• _INSTRUCTIONS TO FOLLOW_:
From the line containing "Memorandum from Harold" down to the line containing "Preposition of place", copy out the entries below exactly, both lines included, and nothing else; pictures do not belong in the copy.

• _LISTED RECORDS_:
[Start of section]

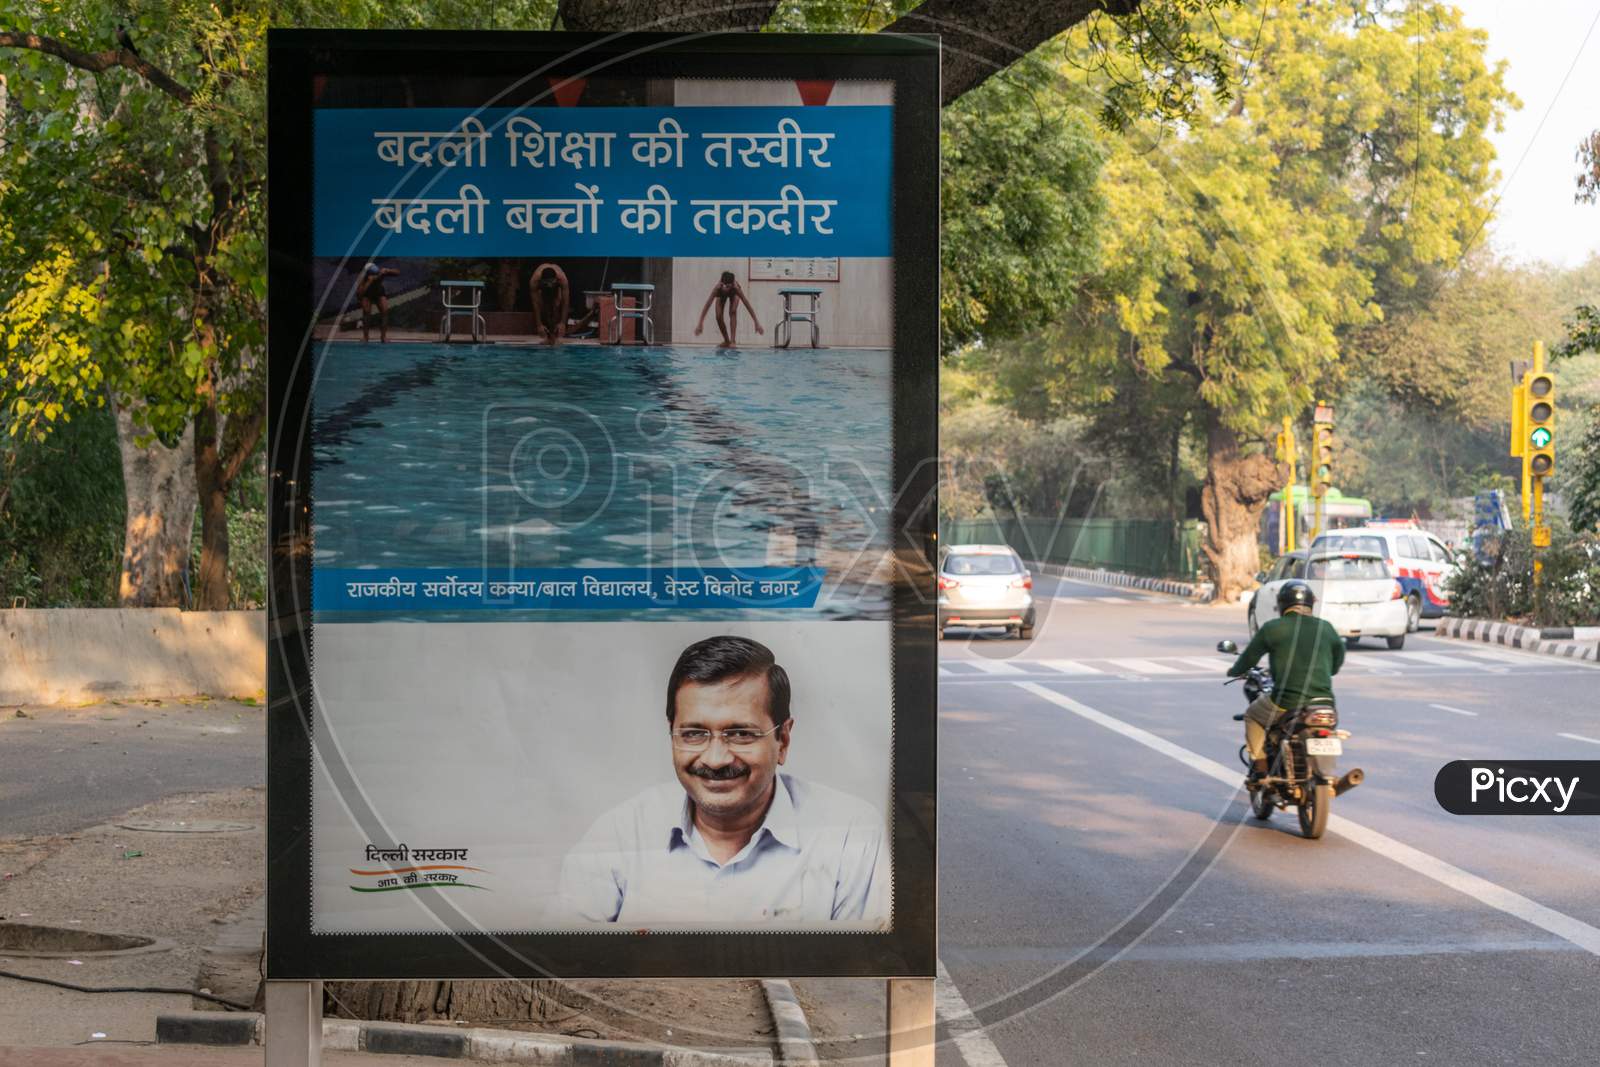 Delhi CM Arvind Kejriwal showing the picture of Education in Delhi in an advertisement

[End of section]
[Start of section]

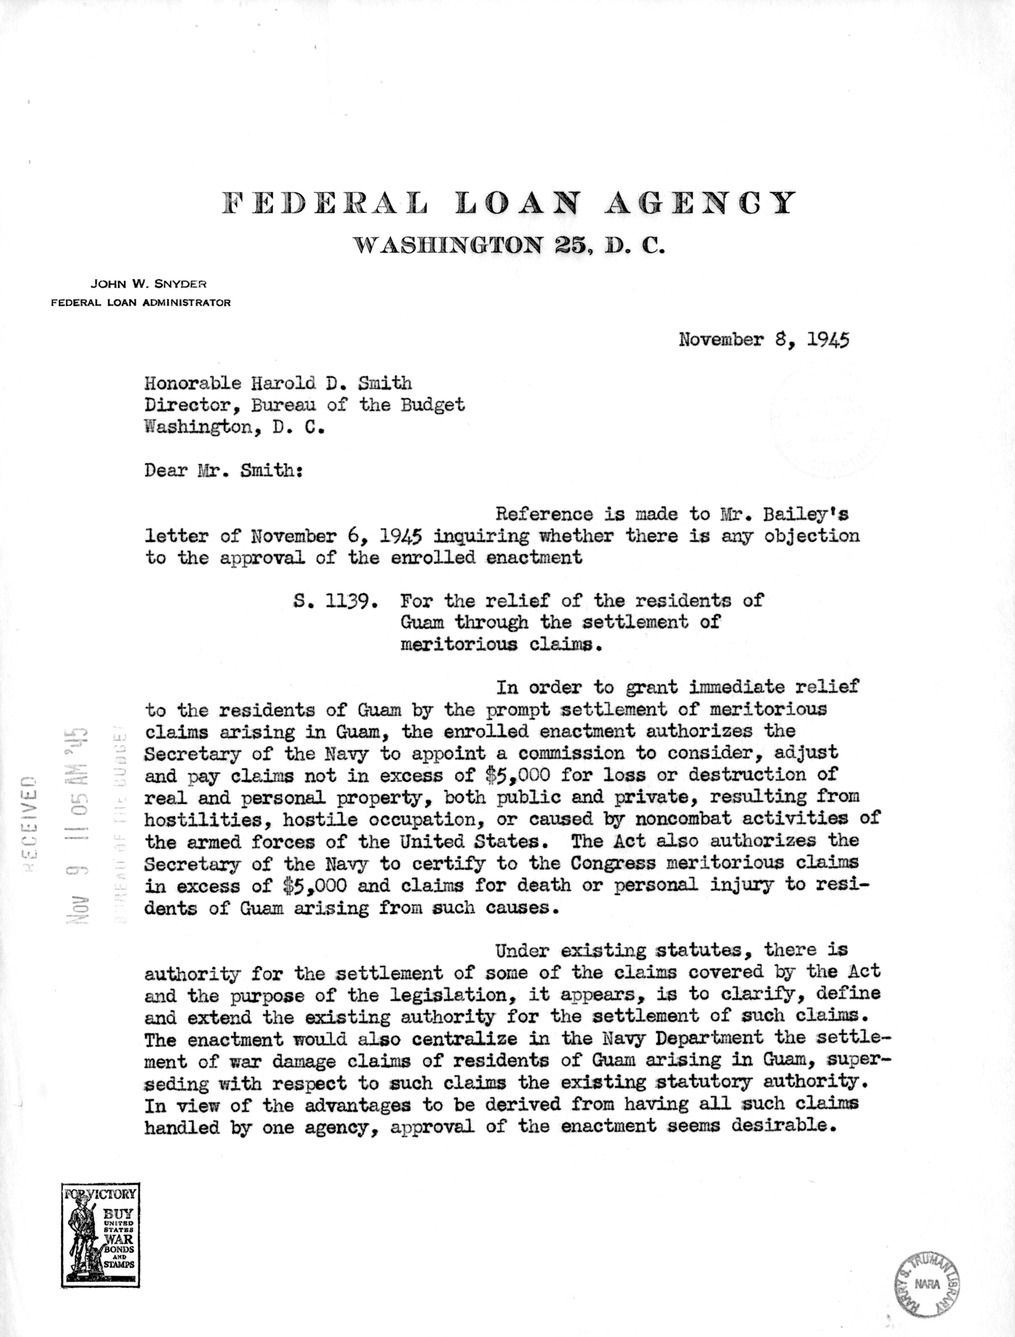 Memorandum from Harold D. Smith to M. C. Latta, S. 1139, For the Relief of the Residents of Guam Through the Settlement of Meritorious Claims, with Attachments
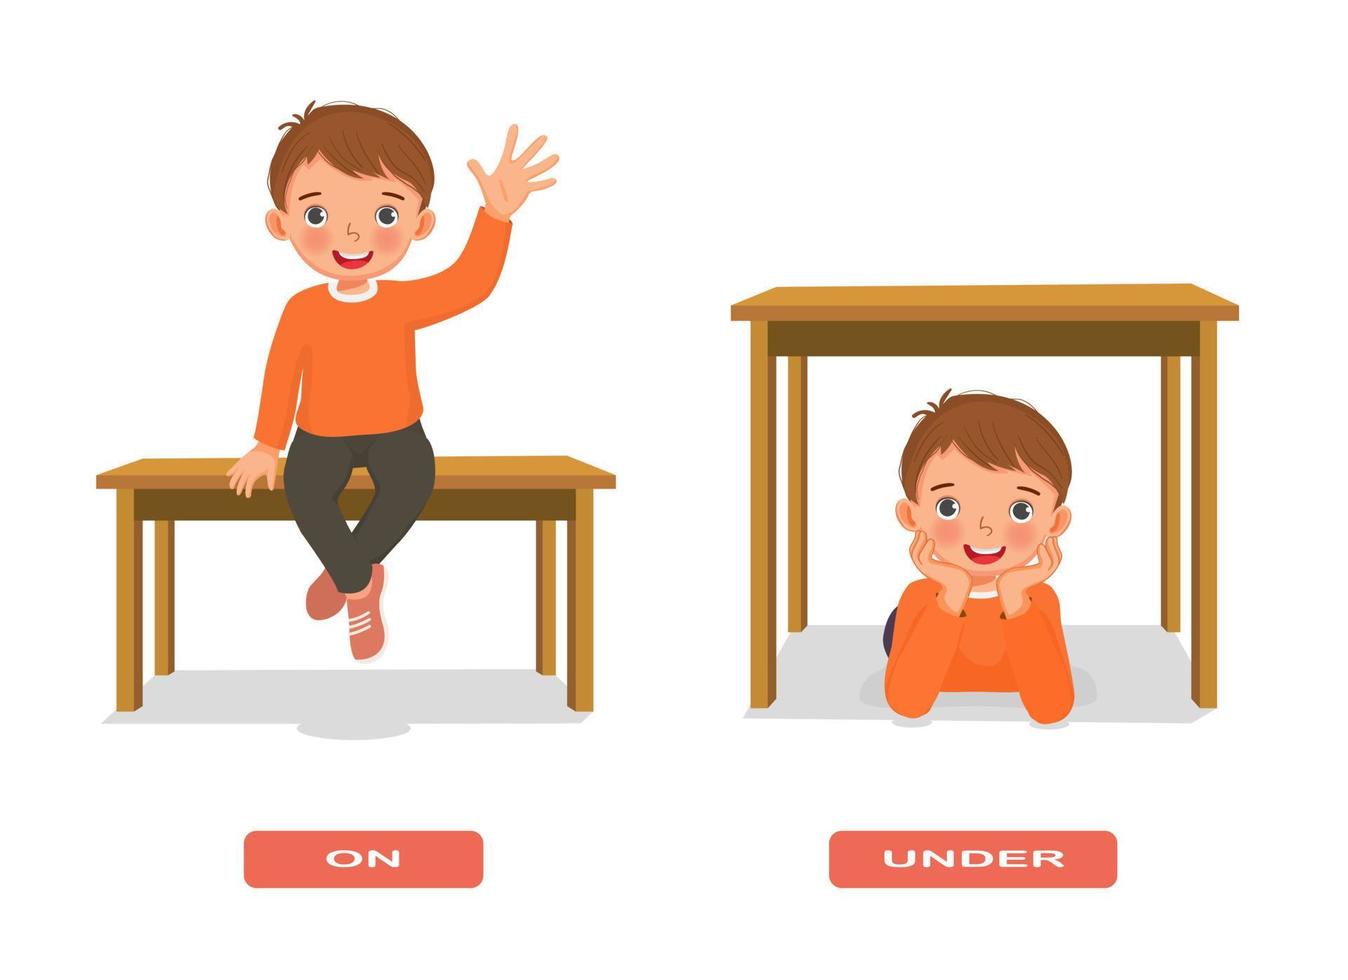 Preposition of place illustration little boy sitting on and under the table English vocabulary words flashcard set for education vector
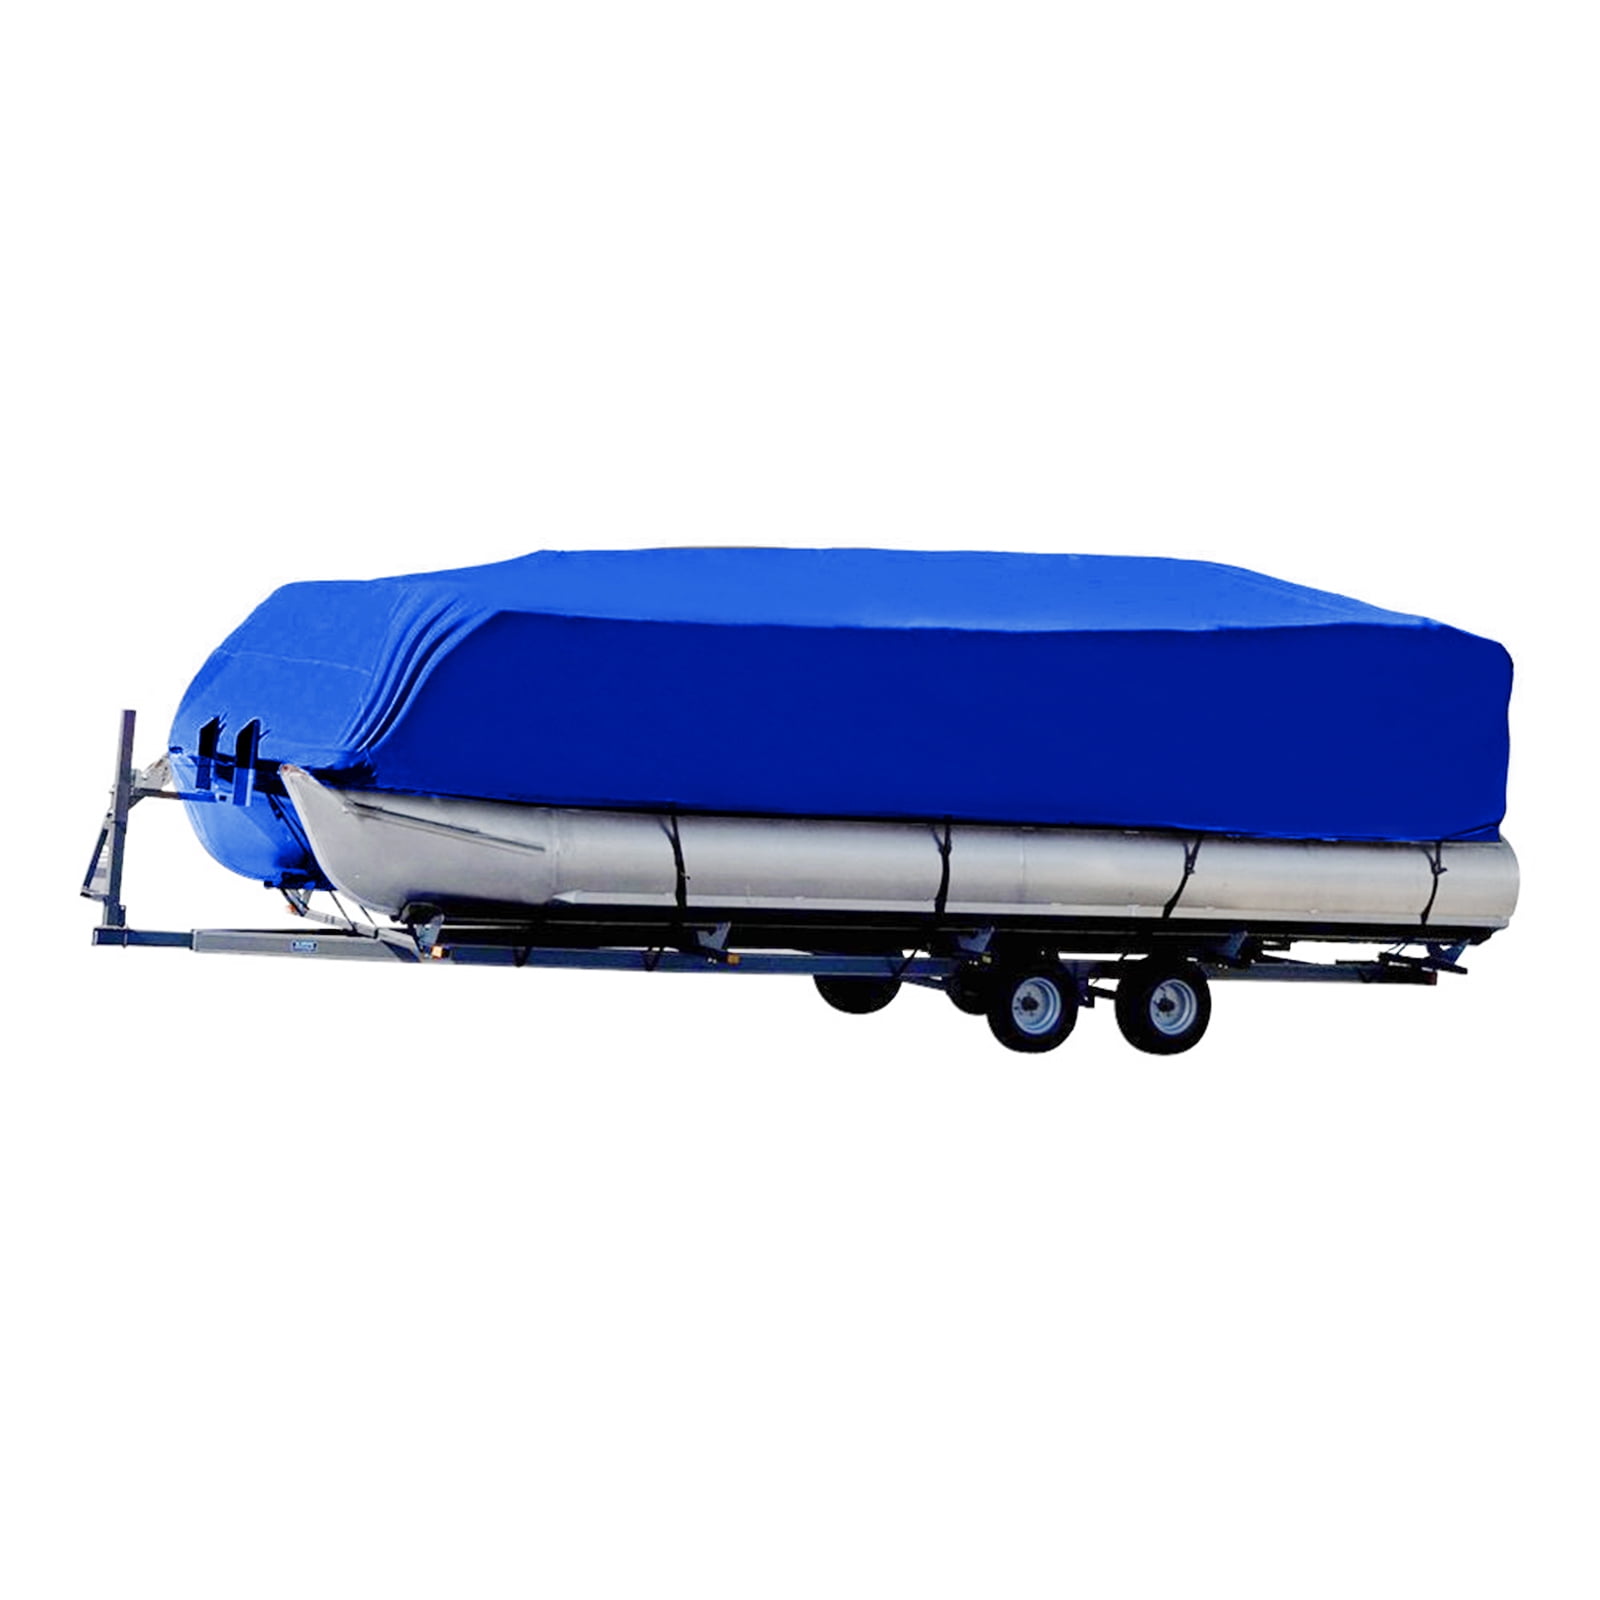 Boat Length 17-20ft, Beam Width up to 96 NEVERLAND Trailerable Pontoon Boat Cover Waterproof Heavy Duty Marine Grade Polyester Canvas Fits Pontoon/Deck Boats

[End of section]

• _EXERCISE SOLUTION_:
 Memorandum from Harold D. Smith to M. C. Latta, S. 1139, For the Relief of the Residents of Guam Through the Settlement of Meritorious Claims, with Attachments
 Preposition of place illustration little boy sitting on and under the table English vocabulary words flashcard set for education vector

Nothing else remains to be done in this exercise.